12-15-2010, 07:33 PM
i did not use clc. i use the GPU_DUMP_DEVICE_KERNEL environment variable. if defined it dumps the .il and the .isa when its execing a opencl kernel.
12-15-2010, 08:24 PM
(12-15-2010, 07:33 PM)atom Wrote: [ -> ]i did not use clc. i use the GPU_DUMP_DEVICE_KERNEL environment variable. if defined it dumps the .il and the .isa when its execing a opencl kernel.clc or OpenCL routines used -- doesn't matters as it ends in OpenCL C->IL->ISA chain compiling.

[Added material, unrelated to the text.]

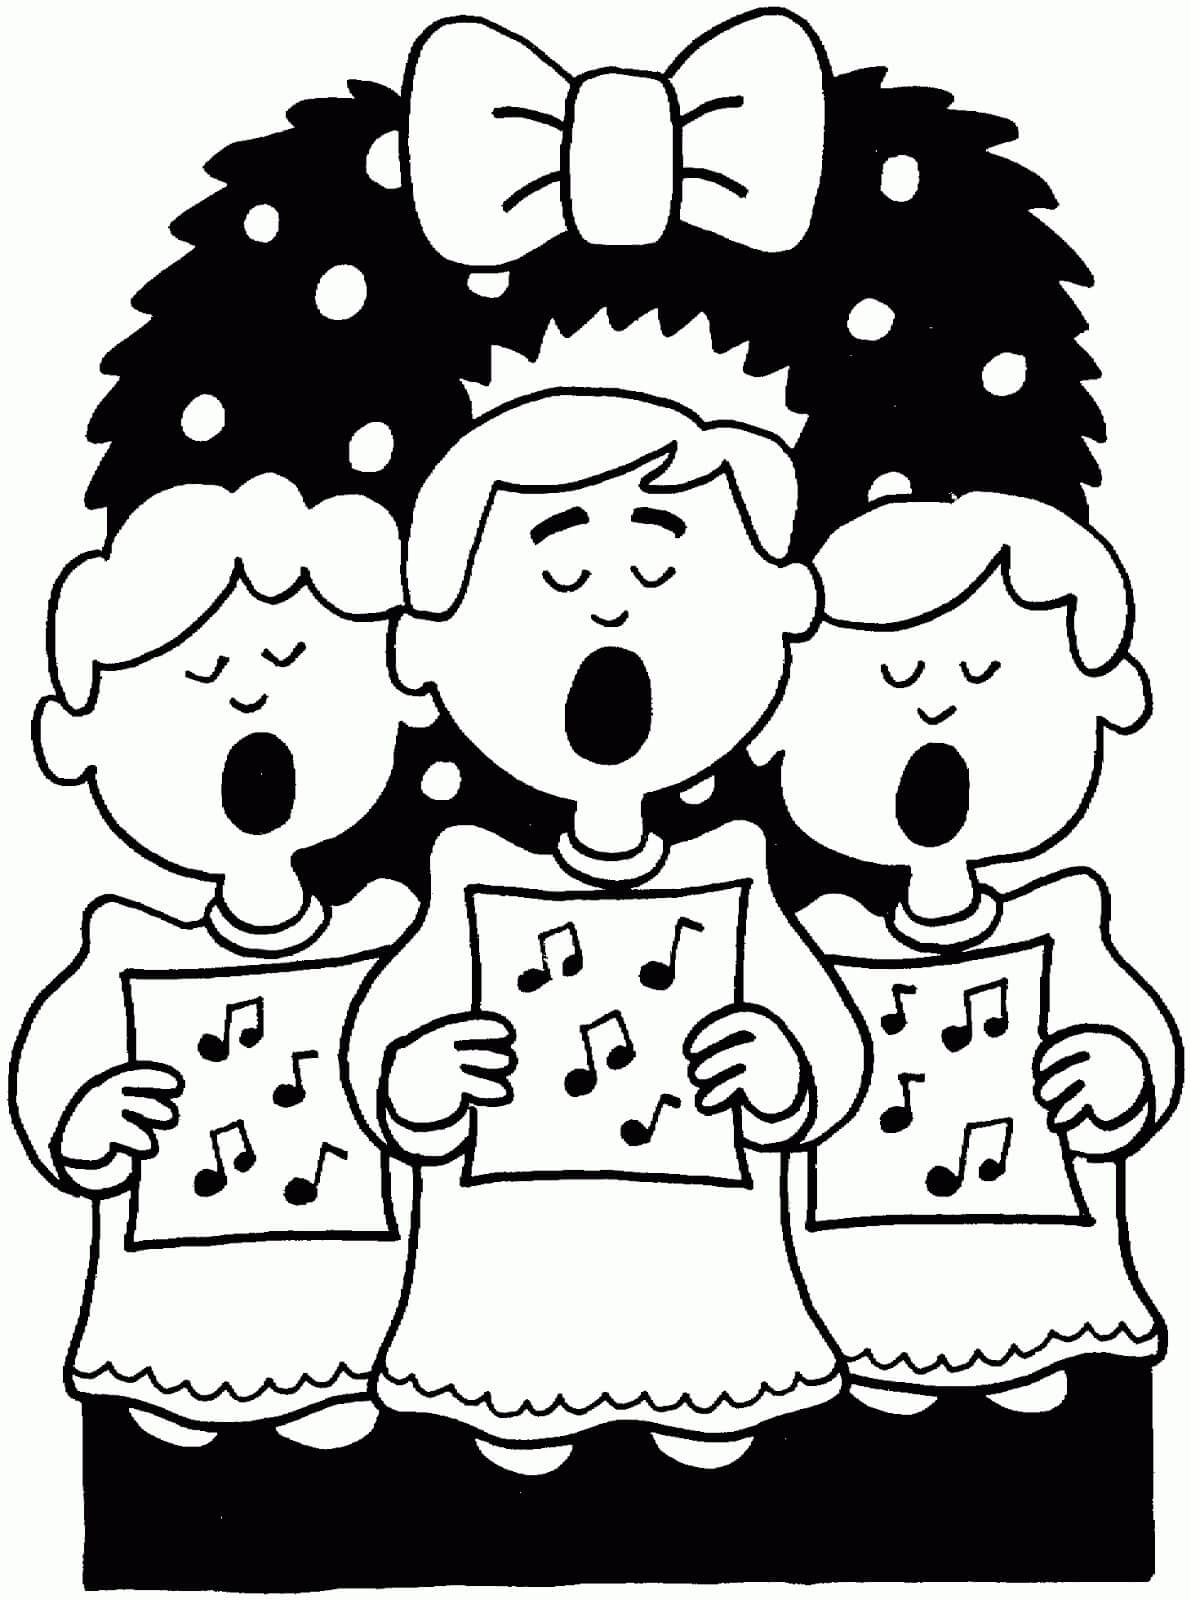 Cantando a Canção de Natal para colorir

In theory you can also post-process generated kernels to replace required instructions with BFI_INT. I haven't take a look at OpenCL for a long time but I guess that binary images are the same as for CAL itself (received with calclCompile(), calclLink(), calclImageGetSize(), calclImageWrite() sequence) -- ELF binary with several sections. So process should be exactly the same as for CAL/IL kernels.
12-15-2010, 09:22 PM
yes, i totally agree on that. but what i orginally wanted to say is that it is not "enough" to have C compiled to IL using clc since there is no BFI_INT instruction in IL and thats why i used the GPU_DUMP_DEVICE_KERNEL environment variable to get the ISA. the reason for this was just to find out if we can use bitselect() from opencl.
12-15-2010, 11:06 PM
It seems that bitselect() does not offer any benefit over using (a&b)|(~a&c). None at all. Not that I hoped that the compiler will somehow generate magically better IL code using some magic instructions, but I was thinking that there could be some wise trick they do. I thought that bitselect() is there for some reason.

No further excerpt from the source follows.